CNO Financial Group Inc.
- Formerly: Conseco Inc. (1979–2010)
- Type: Public
- Traded as: NYSE: CNO S&P 400 Component
- Industry: Financial services
- Founded: 1979; 47 years ago
- Headquarters: Carmel, Indiana, United States
- Key people: Gary C. Bhojwani (CEO)
- Products: Insurance
- Revenue: $ 3.8 billion (2015)
- Operating income: ▲$ 367.7 million (2015)
- Net income: ▼$ 270.7 million (2015)
- Total assets: ▼$ 31.1 billion (2015)
- Total equity: ▼$ 4.1 billion (2014)
- Number of employees: 3,300 (2017)
- Subsidiaries: Colonial Penn, Bankers Life, 40/86 Advisors, Washington National Insurance Company
- Website: https://www.cnoinc.com/

= CNO Financial Group =

American financial services company

CNO Financial Group, Inc., formerly Conseco, Inc. (Consolidated National Security Corporation), is an American financial services holding company based in Carmel, Indiana. Its insurance subsidiaries provide life insurance, annuity and supplemental health insurance products to more than four million customers in the United States. These products are distributed through independent agents, career agents and direct to customers through television advertising and direct mail.

CNO Financial Group is the parent company of seven insurance companies, including Bankers Life and Casualty Company and Colonial Penn Life Insurance Company. They also own 40/86 Advisors, an investment management company and Washington National Insurance Company.

==History==
CNO Financial was incorporated in 1979 as Security National of Indiana Corp. by Stephen Hilbert.
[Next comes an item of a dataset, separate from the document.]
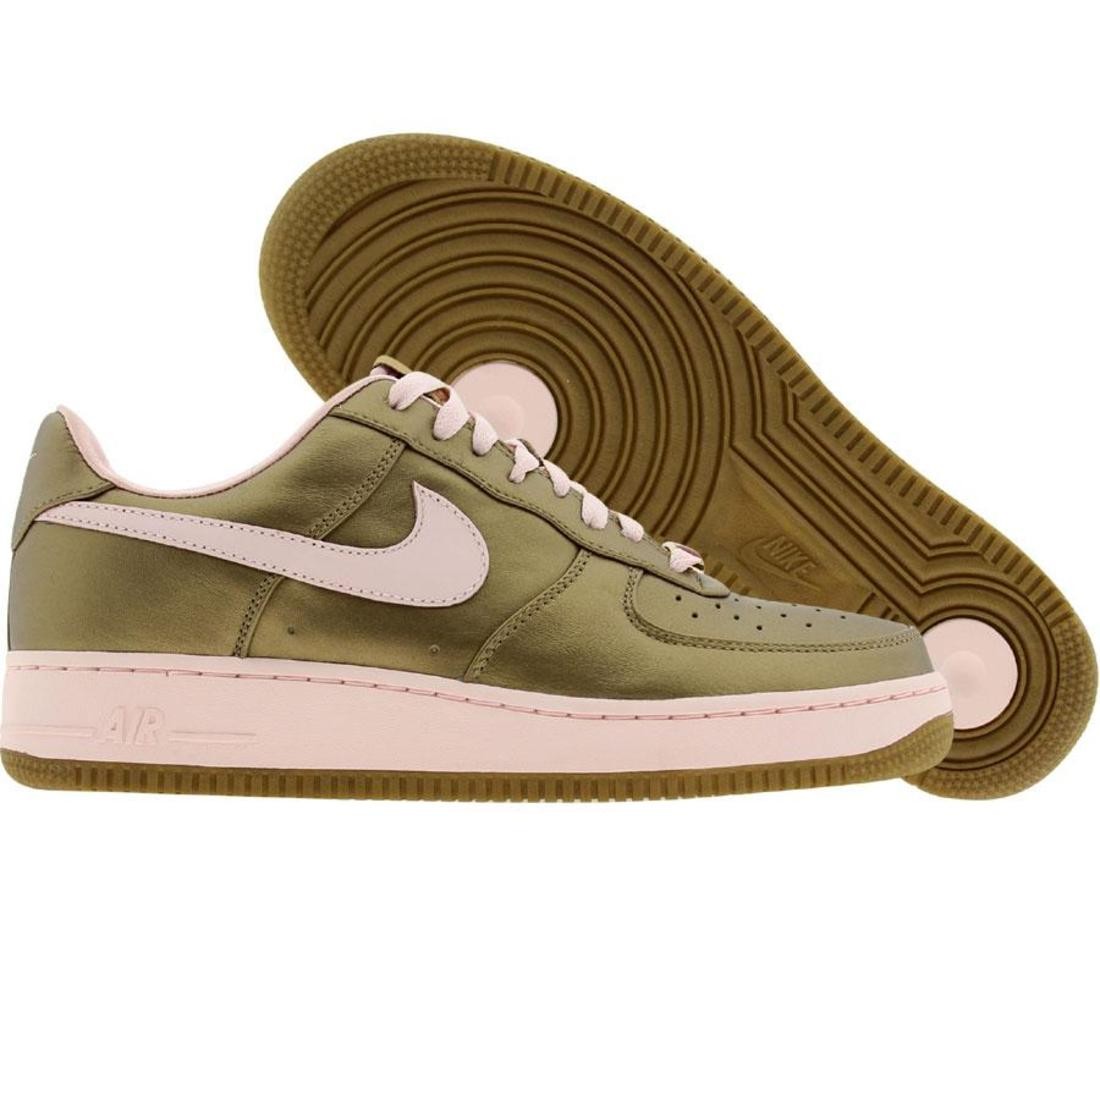 Nike Womens Air Force 1 07 Low Premium (metallic gold / aluminum pink)

SNI bought Consolidated National Life Insurance Co. in 1983. It began insurance operations in 1982 and became a public company in 1985.

In 1986, Conseco acquired Lincoln Income Life Insurance Company at $29 per share for $32.3 million. Shearson Lehman Brothers advised Lincoln Income Life Insurance. Earlier, in mid-1985, Lincoln had agreed to be acquired by I.C.H. for $31 per share in cash but the merger could not be consummated as the Kentucky Department of Insurance raised objections to certain expenses which Lincoln would have incurred in the merger. Lincoln also received a merger proposal from Redgate in 1985. Satisfied with its recipe for acquiring and improving insurance companies, Conseco stepped up its acquisition efforts in 1986. It purchased Bankers National Life Insurance Company for $118 million, respectively.

In 1998, Conseco purchased the former Greentree Financial, one of the largest financiers of mobile homes, in an attempt to diversify into consumer financial services. They also bought life insurance company Colonial Penn later that year, changing their name to Conseco Direct Life, though changing the name back to Colonial Penn in 2001 (known as Bankers Conseco Life Insurance Company in New York state). Conseco (though not its subsidiary insurance companies) entered Chapter 11 reorganization in 2002 and emerged nine months later in 2003. Conseco's bankruptcy was the third largest U.S. Chapter 11 filing at the time, after the bankruptcies of WorldCom Inc. and Enron. In the process of reorganization, GreenTree was divested and thereafter Conseco solely focused on the insurance industry.

From its opening in 1999 until 2011, the company (when it was known as Conseco) held the naming rights to the home arena of the NBA's Indiana Pacers; the naming rights were transferred to Bankers Life in 2011.

On May 11, 2010, the board of directors officially approved changing the holding company's name to CNO Financial Group. CNO Financial ranked 608 on the Fortune 1000 with 2014 revenues of $4.1 billion.

In February 2015, CNO Financial sold its Hyderabad-based India operations to Cognizant.